The hum of insects on the water and the birdsong from the trees are drowned out by the thrum of a motorbike. I notice the new noise half-heartedly. It’s a familiar sound, one of those small bikes that the farm lads ride. Probably someone on his way to milking.

The bike stops on the bridge and the rider kills the engine.

I look round in surprise.

A figure comes down the steps. Jeans, heavy boots, a motorcycle jacket under one arm and a helmet under the other. I can’t see his face – the sun dazzles it out. But I recognise the walk.

He comes closer. He’s a little taller, I think, and broader in the shoulders. As he steps under the shade of the trees, I see that the fairer tints are back in his hair now and he’s got that honey tan back.

I can’t move.

‘Hey,’ he says and I see he’s nervous. His eyes greet me and flicker away. He reminds me of those moorland ponies again, ready to shy and bolt.

My mouth feels like I’m chewing cotton wool.

He sits next to me, a few inches separating us. My skin tingles and I want to touch him, but I can’t move and I don’t know if he wants me to.

‘I missed you,’ he says, looking at his boots. The toe caps are scuffed. Work boots, I think. ‘How are you?’

‘I missed you too,’ I say and my voice is stilted and sticks in my claggy throat.

He turns his face to me and a smile grows there. Slow at first, but it spreads.

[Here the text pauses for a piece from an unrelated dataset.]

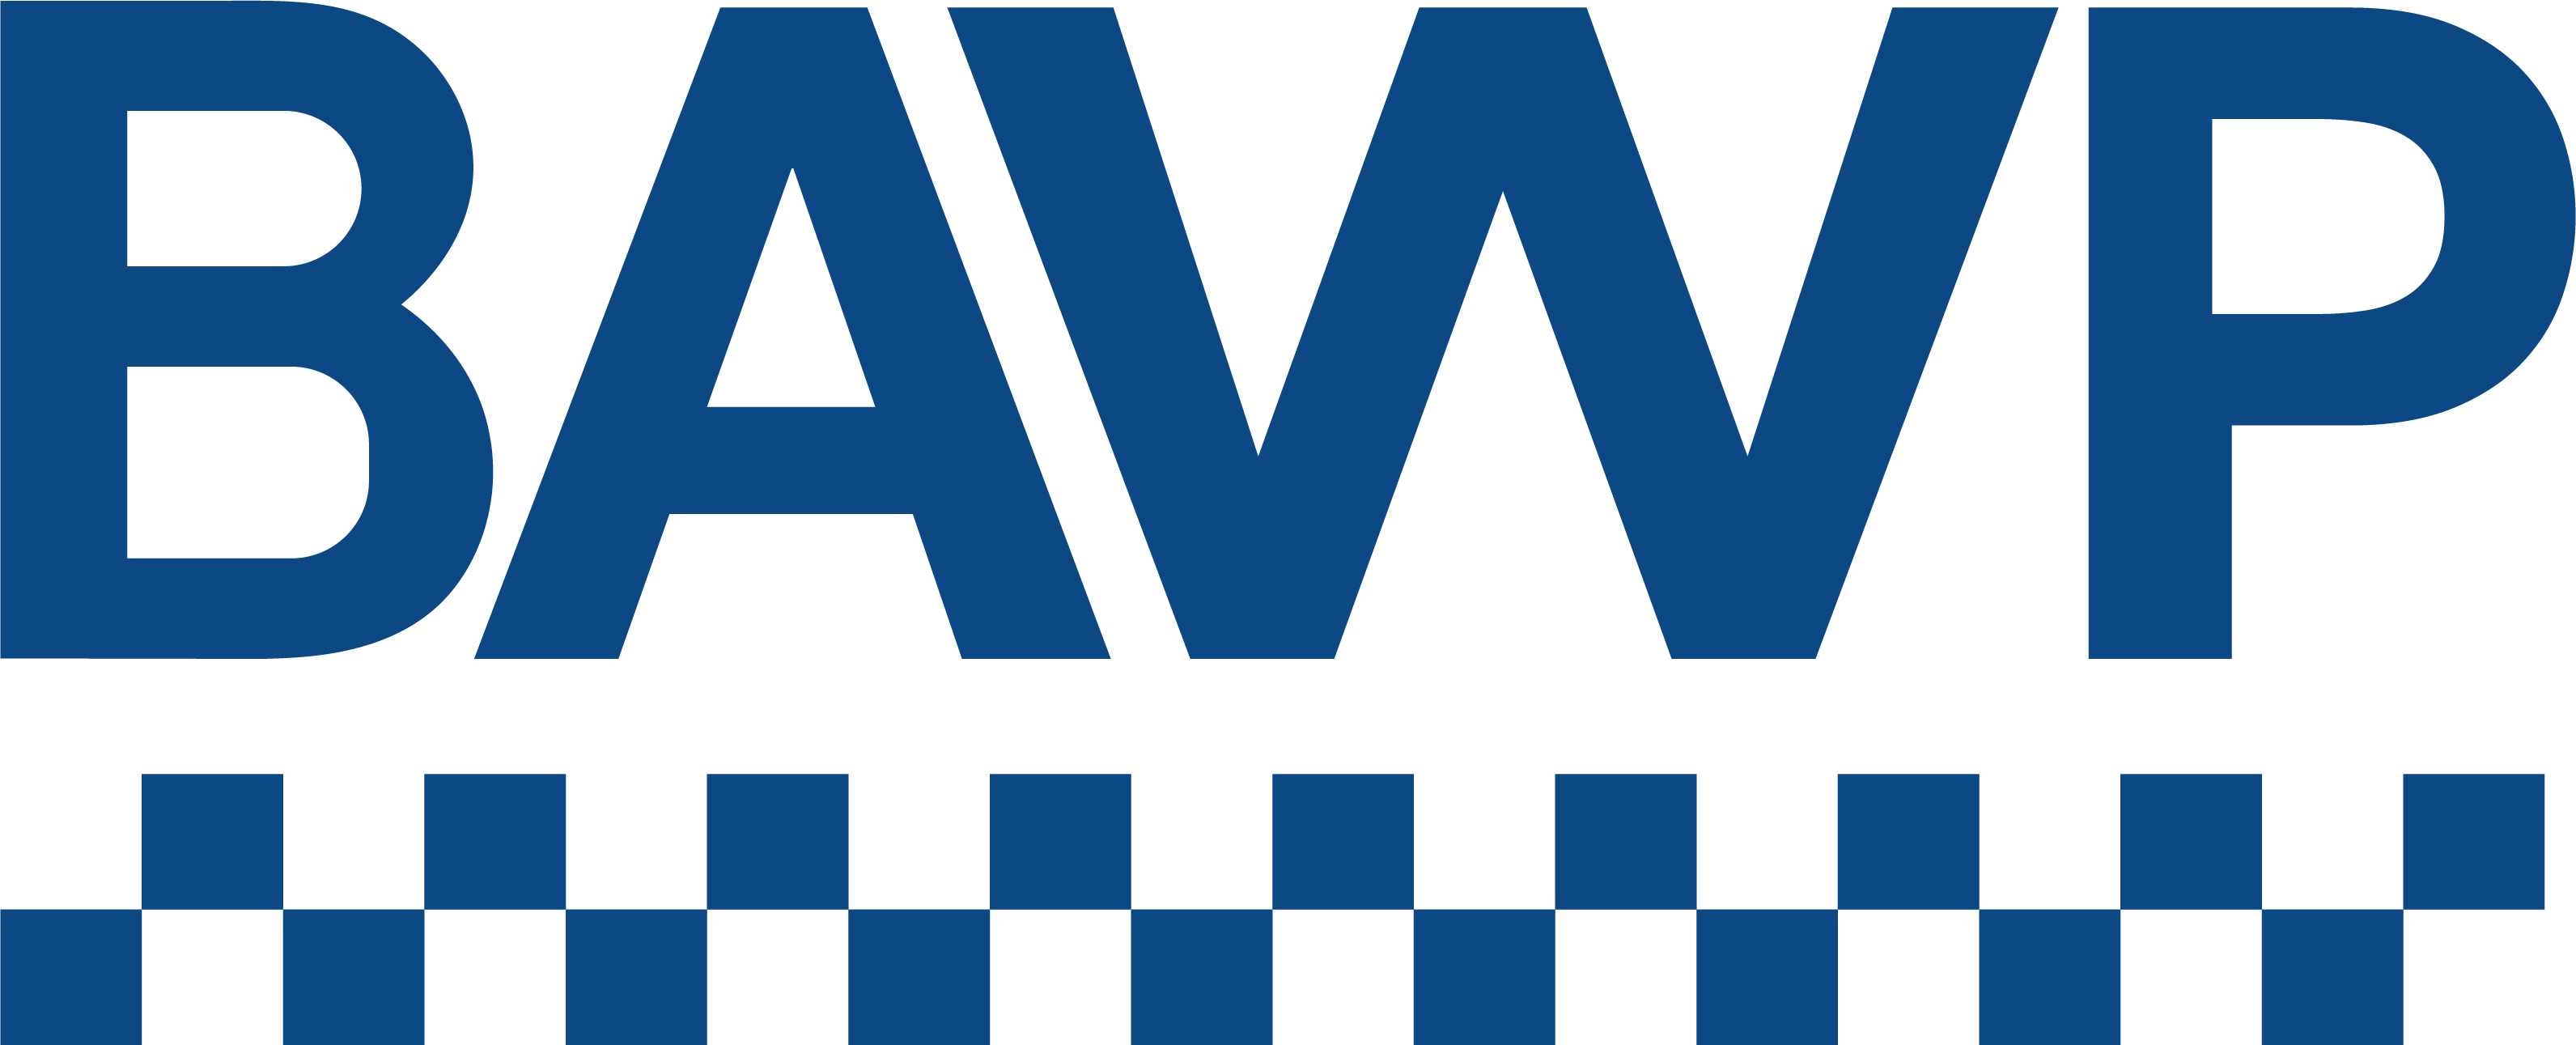 BAWP logo.

Infectious, because I feel the corners of my frozen mouth lift.

‘What’ve you been up to?’ he asks.

‘You first.’

My eyes flit away because his don’t leave my face and it’s too much and not enough.

‘Been busy. A lot’s changed. Mum’s better, for now at least. Her and Cole are back together.’

I find a smile for that news. It comes unbidden.

‘They sold the boat and bought a house.’

My jaw drops.

He gives a little laugh. ‘Yeah, I know. I couldn’t believe it when they told me either. It’s only a small place, but it’s got a garden and a real kitchen. Mum’s got herself a shop in a craft centre. She rents one out to sell her jewellery and Cole got a job at a garden centre doing the deliveries. Hey, we’ve even got a TV now.’

So why are you here? To tell me you’re never coming back?

‘What about you? Your turn.’

I found enough voice to answer. ‘Oh, exams. Just finished.’

‘They go OK?’

‘I think so.’

‘Anything else?’ His eyes search my face and I don’t know why.

‘I suppose I’ve been getting into the loop again. Getting out more. I made some new friends and I see a lot of Beth and Max.’

‘They still together?’

I nod.

So does he. ‘That’s good. They’re all right, those two.’ He pauses and watches a mallard flap out of the water and waddle along the opposite bank. ‘And you? You seeing anyone?’

I shake my head, but he’s still staring at the duck and he doesn’t see me. ‘No.’

‘Oh.’ And he keeps looking at that duck. ‘You got my card, didn’t you?’

‘Yes.’ I want to ask . . . it takes me a while, but . . . ‘What about you? Are you?’

‘Nope. Haven’t wanted to.’

A dragonfly buzzes low over the water and it’s my turn to stare out over the canal.

‘I got my job back,’ he says, facing me again now I’m not looking at him. ‘At the marina. Once we got our new place, I went down there. Pete took me on and he’s got me on a day-release thing at college to learn the electrical stuff. Bill’s getting a bit stiff with arthritis and they could do with another pair of hands for the heavy work. It’s a bit of a trek – our house is about twenty miles from here – but Cole bought me the bike. I started back there last week.’

I draw my breath in.

‘Oh, and I forgot. Mum and Cole are trying for a baby. She reckons it might not happen. Says she’s probably too old, but Cole says you never know and it’s worth a shot. Be good if they do have a kid. He’s a great dad.’

Ryan touches my hand like a cat pats for attention, light, a brush and no more. I drag my eyes back to him.

‘When I said goodbye, there was something I wanted to say, but I didn’t. Because I didn’t think it could happen and it wouldn’t have been fair.’